How to Post Performance Problems - by Gail Shaw
[/url]

StarNamer SSCrazy Eights Points: 8746 More actions · Answer 1

Hi Bob,

I did a few more tests (beyond the earlier table) and on my systems, the double-tally acheives better than half CPU time at long executions (.e.g 146 second vs 321 seconds for 600,000 input rows). So you method scales better than the tally+charindex.

The breakpoint on my system is about 25000 input records.

Interestingly I found that below about 10000 records the double-tally was roughly linear in cpu/rows at about 0.9ms/row and above that it was linear with a slope of about 0.3ms/row. tally+charindex was roughly linear at 0.5 ms/row all the way.

Looking at the actual execution plans, it seems that in the high range, SQL server includes an additional sort of the input and a table spool for the double-tally; apparently this speeds it up! Tally+charindex seems to use the same execution plan at all times.

I assume the Flo's system is using the 2nd execution plan at lower inputs.

Definitely an 'It Depends'. 🙂

I've attached the execution plans for 8000 and 30000 rows input.

Derek

StarNamer SSCrazy Eights Points: 8746 More actions · Answer 2

Bob Hovious (4/23/2009)
Thanks, Flo 🙂
Derek, please don't feel you have to apologize. That needed to be tested. As usual, the answer is "It depends." The point is to understand what works best in which situations, and what the limitations are. That's why I warned everyone that the double-barreled solution was inflexible because it counted on a single character being the delimiter. That said, I see a lot of work with long strings consisting of lots of short elements separated by single character delimiters. Very seldom do I have to parse Moby Dick 😉

I think calling the double-barreled solution 'inflexible' is probably harsh. It may just need a little more work to get it to handle multi-character delimiters.
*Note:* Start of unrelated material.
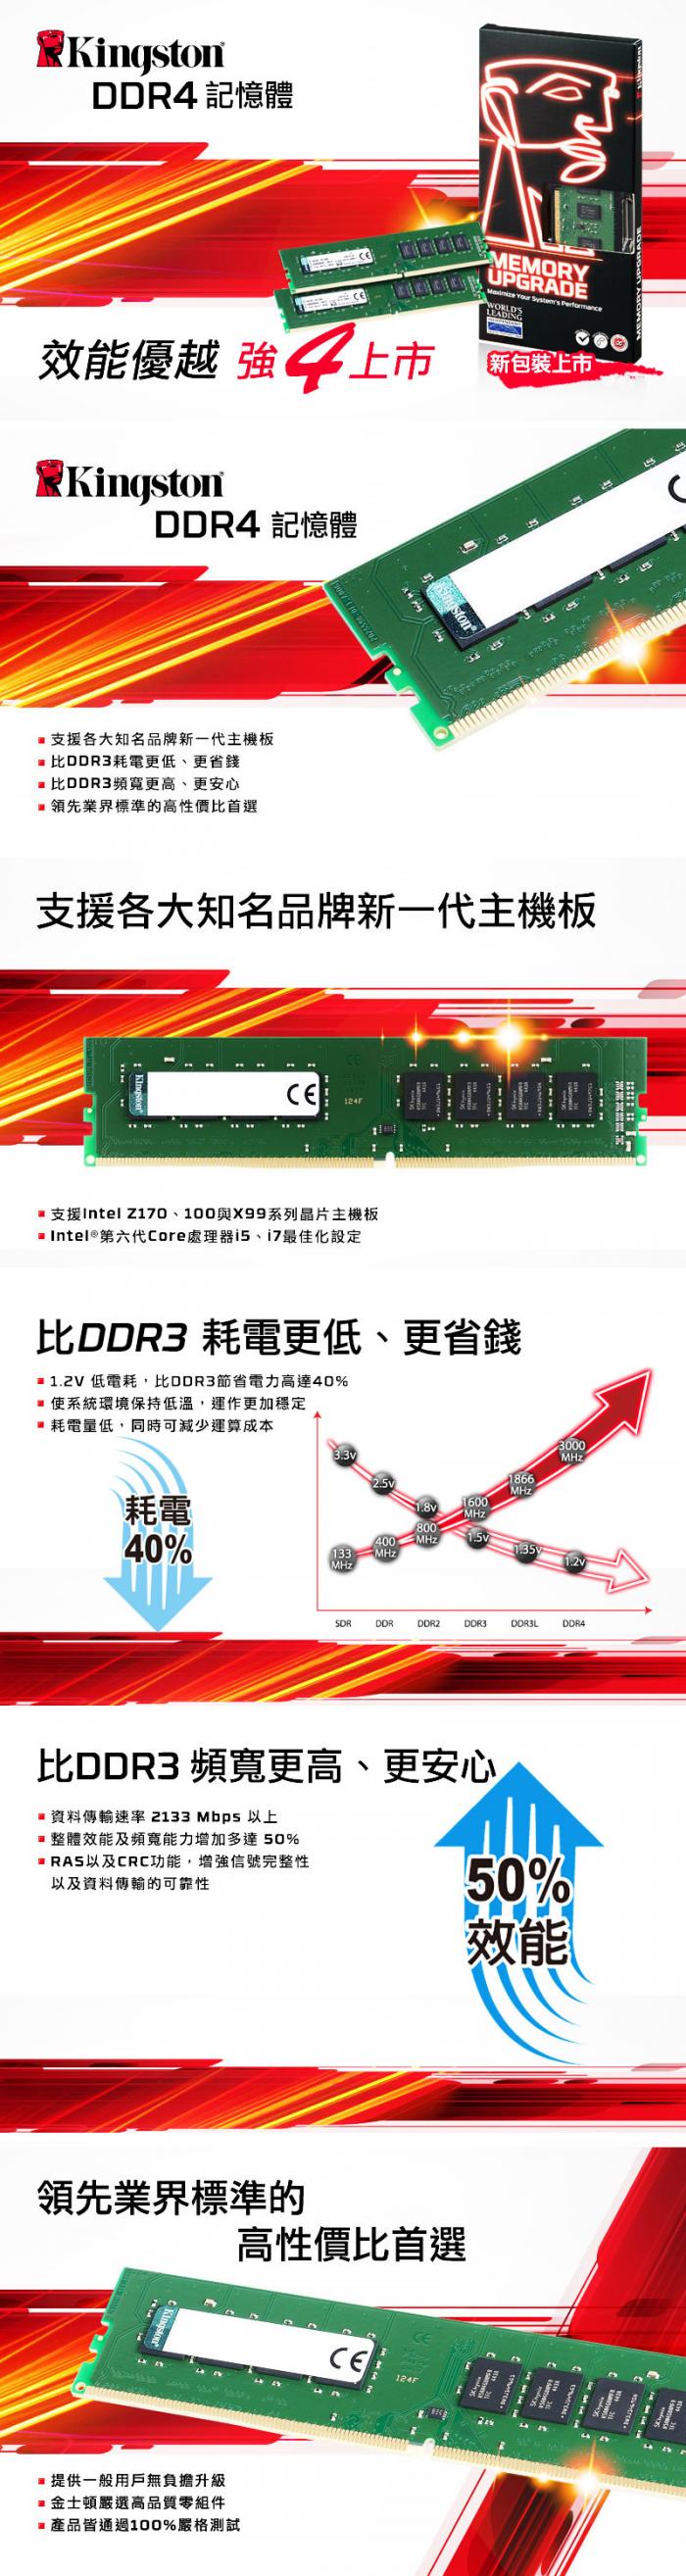 金士頓 4G DDR4 2666

Of course, my tests show that, on my system and probably everyone else's, you need to match the method to the expected input.

If I needed to parse 5000 records inputs I should use the tally+charindex method. If I needed to parse 500000 records, I should use the double-tally!

I must find time to test the CLR variants...

Derek

Jeff Moden SSC Guru Points: 1004439 More actions · Answer 3

Derek Dongray (4/23/2009)
Hi Bob,
I did a few more tests (beyond the earlier table) and on my systems, the double-tally acheives better than half CPU time at long executions (.e.g 146 second vs 321 seconds for 600,000 input rows). So you method scales better than the tally+charindex.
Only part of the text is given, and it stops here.